I turned round. There, next to Jo, was a beautiful face framed with golden hair. She caught my eyes and, ignoring the rest of the show and the rest of the audience in the TV room, shouted, “Spill the beans. What was he like? What did he sing? What did he say? What did he wear? Who else went with you?” and so on in a cascade of questions. All in that characteristic voice of hers, partly gentle, refined, English like a stroll around Morningside, partly wild, wicked, Scottish like a yomp across the Borders. Top of the Pops was forgotten now, she was the centre of the room, it was her show. I, too, was reduced to listening and watching as Annie eulogised the mighty Peter Gabriel. Subtly, Jo ushered Annie out into the corridor. Fascinated, I followed.

Let me describe Annie to you. You may not know her, but you must have seen the film Woody Allen made about her. At least it must have been about her, why else would he use her name? Plus, he nicked a couple of scenes from our life for the movie. You know, like the scene with the lobsters. Only it wasn’t lobsters, it was a pigeon or a parrot or cockatiel or something. And we weren’t trying to eat it, only baby-sit it, but it escaped and we couldn’t catch it until much later after we’d been out for a drink and it was even more tired than we were. But the scene with the lobster had the same feel, you know.
Annie brought the same attitude to it that Diane Keaton did and succeeded in elevating it from a serious event to a hilarious escapade. And as I didn’t see the movie until it was over between Annie and me, the ending of the film was even more bittersweet. But, not so much bitter at it being over, but sweet to remember. Six wonderful months.

Annie was about my size. She was never exactly my size that I can remember; she was either shorter or taller depending on what she wanted out of me. If she wanted me to do something, she’d be just a little smaller than me. If she was upset or angry with me, all of a sudden, she’d be an inch or two taller. Just like Alice. She was very attractive, which I think is a more subjective description, but by which I mean that she had a beautiful face, which is the most important feature of all the women in this history. Beautiful as in elegantly constructed, unique, interesting, happy, dazzling, radiant, and different every time you look at it, so that you long to see her again and again and again like when you buy a new single and you can’t take it off the turntable, like Wake up Little Susie, or For Your Love, or Spiral Scratch, or Trampoline. And just like all of those singles, just like when you listen to them and your face cracks into a broad grin, so whenever you look at her face, you just can’t stop yourself from smiling.

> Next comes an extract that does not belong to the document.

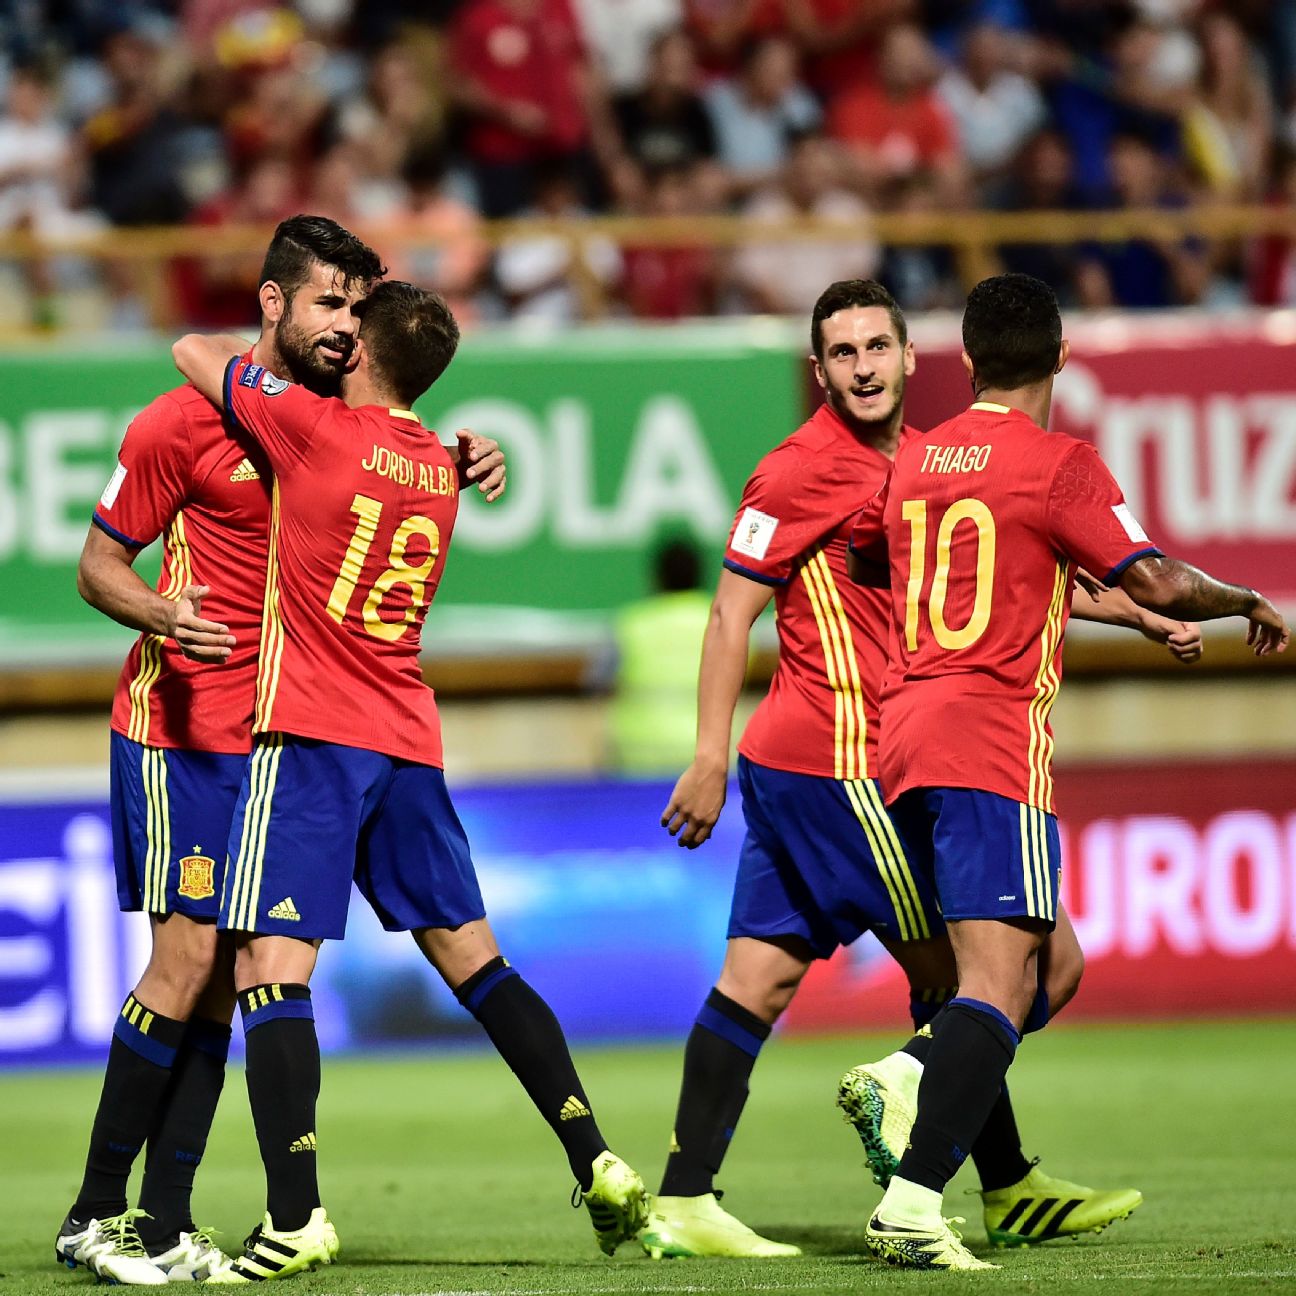 Spain 8-0 Liechtenstein (Sep 5, 2016) Game Analysis photo

But that Thursday evening I mainly watched and listened. I answered a few questions, but, to be honest, I was still wound up with my own self-importance. I noticed that she had strawberry red streaks in her hair, and found out that they were the result, she said, of a touch of red food colouring. I thought that was cool. I found out that Annie was on the same course as Jo and that she lived over at Glen. But most important of all I found out that she was Peter Gabriel’s biggest fan. And that meant that by having seen him two days earlier, I had very much impressed her.

And so, extremely satisfied with myself for having made a good impression, but in all honestly thinking more of myself than of Annie, I left her and Jo to chat and went back to my room to listen to the Stranglers’ album.